In our constitutional tradition, freedom means that all persons have the right to believe or strive to believe in a divine creator and a divine law. For those who choose this course, free exercise is essential in preserving their own dignity and in striving for a self-definition shaped by their religious precepts. Free exercise in this sense implicates more than just freedom of belief. It means, too, the right to express those beliefs and to establish one’s religious(or nonreligious) self-definition in the political, civic, and economic life of our larger community.

But in a complex society and an era of pervasive governmental regulation, defining the proper realm for free exercise can be difficult. … “[T]he American community is today, as it long has been, a rich mosaic of religious faiths.” Town of Greece v. Galloway, 572 U. S. __ (2014) (Kagan, J., dissenting) (slip op., at 15). Among the reasons the United States is so open, so tolerant, and so free is that no person may be restricted or demeaned by government in exercising his or her religion. Yet neither may that same exercise unduly restrict other persons, such as employees, in protecting their own interests, interests the law deems compelling.

In these cases the means to reconcile those two priorities are at hand in the existing accommodation the Government has designed, identified, and used for circumstances closely parallel to those presented here. RFRA requires the Government to use this less restrictive means. Justice Ginsburg writes the principal dissent, and begins by reminding us of the importance of sexual autonomy, and the economic stakes for women in this litigation: “The ability of women to participate equally in the economic and social life of the Nation has been facilitated by their ability to control their reproductive lives.” Planned Parenthood of Southeastern Pa. v. Casey, 505 U. S. 833, 856 (1992).Congress acted on that understanding when, as part of a nationwide insurance program intended to be comprehensive, it called for coverage of preventive care responsive to women’s needs.

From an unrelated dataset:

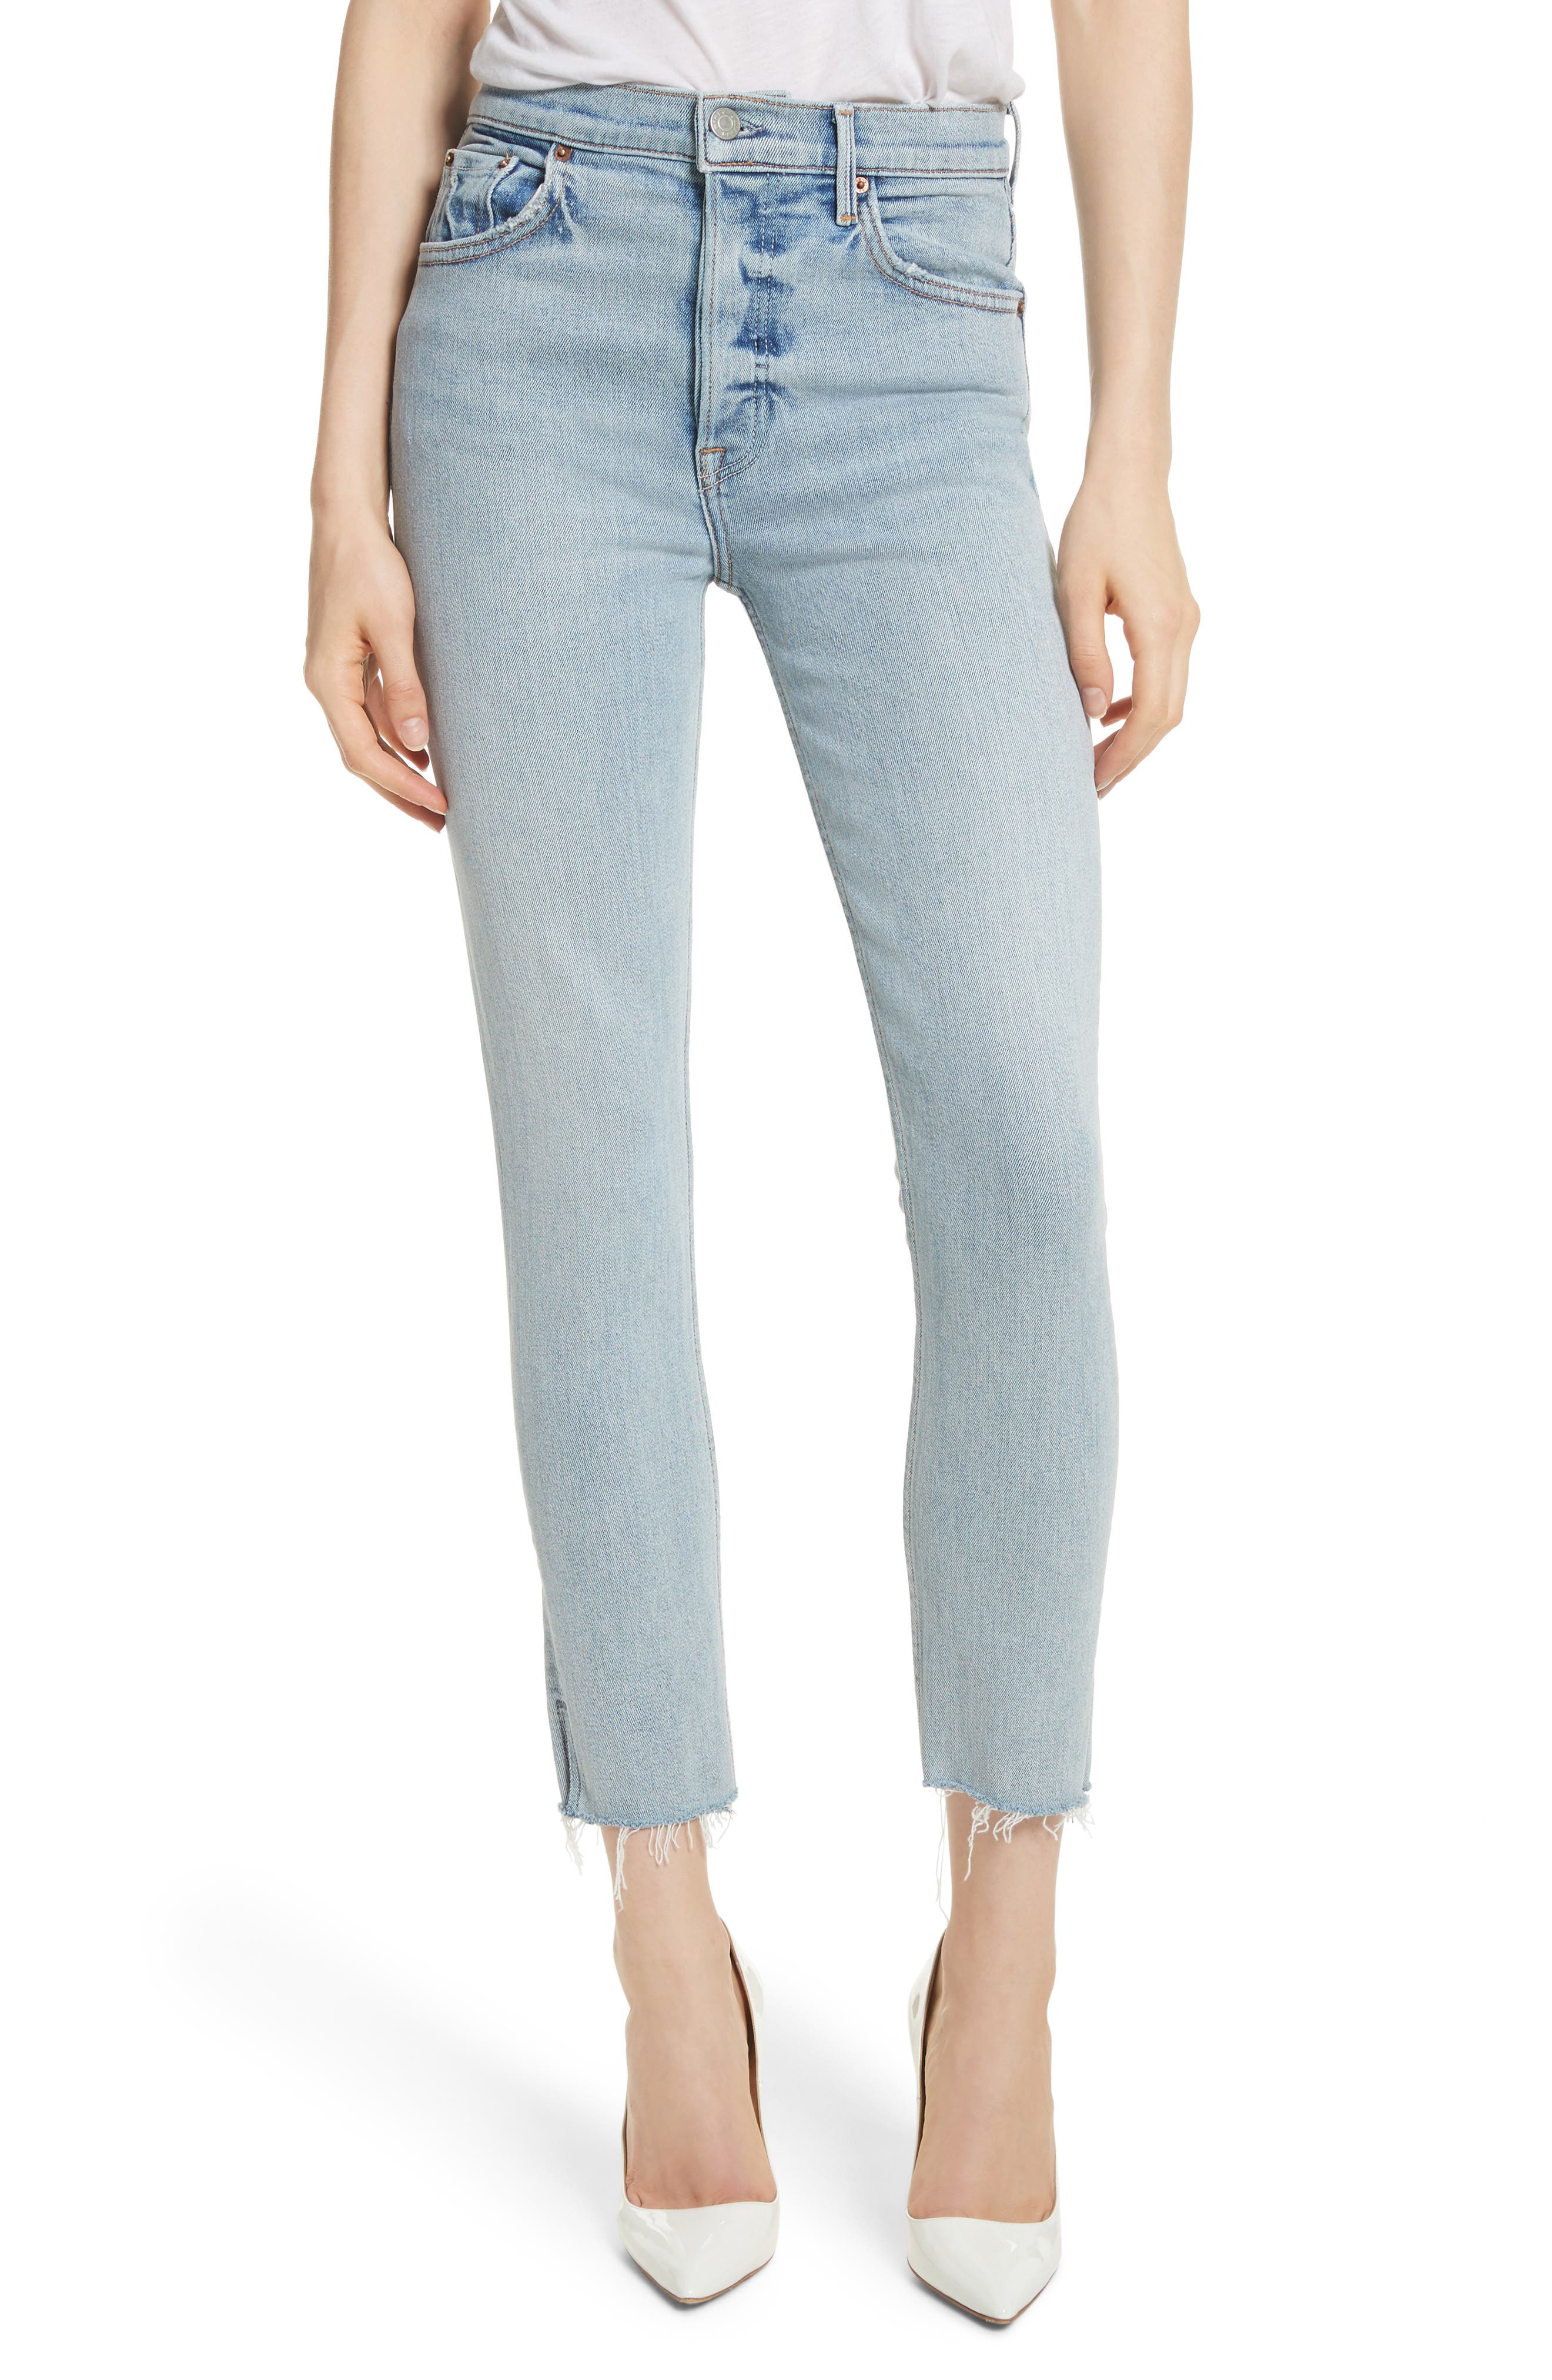 Karolina High Waist Skinny Jeans,                             Main thumbnail 1, color,                             TITANIUM

… The [ACA] had a large gap, however; it left out preventive services that “many women’s health advocates and medical professionals believe are critically important.” 155 Cong. Rec. 28841 (2009) (statement of Sen. Boxer). To correct this oversight, Senator Barbara Mikulski introduced the Women’s Health Amendment, which added to the ACA’s minimum coverage requirements a new category of preventive services specific to women’s health…Women paid significantly more than men for preventive care, the amendment’s proponents noted; in fact, cost barriers operated to block many women from obtaining needed care at all. See, e.g., id., at 29070 (statement of Sen. Feinstein) (“Women of childbearing age spend 68 percent more in out-of-pocket health care costs than men.”); id., at 29302 (statement of Sen. Mikulski) (“copayments are [often] so high that [women] avoid getting [preventive and screening services] in the first place”). And increased access to contraceptive services, the sponsors comprehended, would yield important public health gains. See, e.g., id., at 29768 (statement of Sen. Durbin) (“This bill will expand health insurance coverage to the vast majority of [the 17 million women of reproductive age in the United States who are uninsured] . . . . This expanded access will reduce unintended pregnancies.”). And the dissenters deride as unfounded the Court’s new recognition of religious rights for for-profit corporations: Until this litigation, no decision of this Court recognized a for-profit corporation’s qualification for a religious exemption from a generally applicable law, whether under the Free Exercise Clause or RFRA.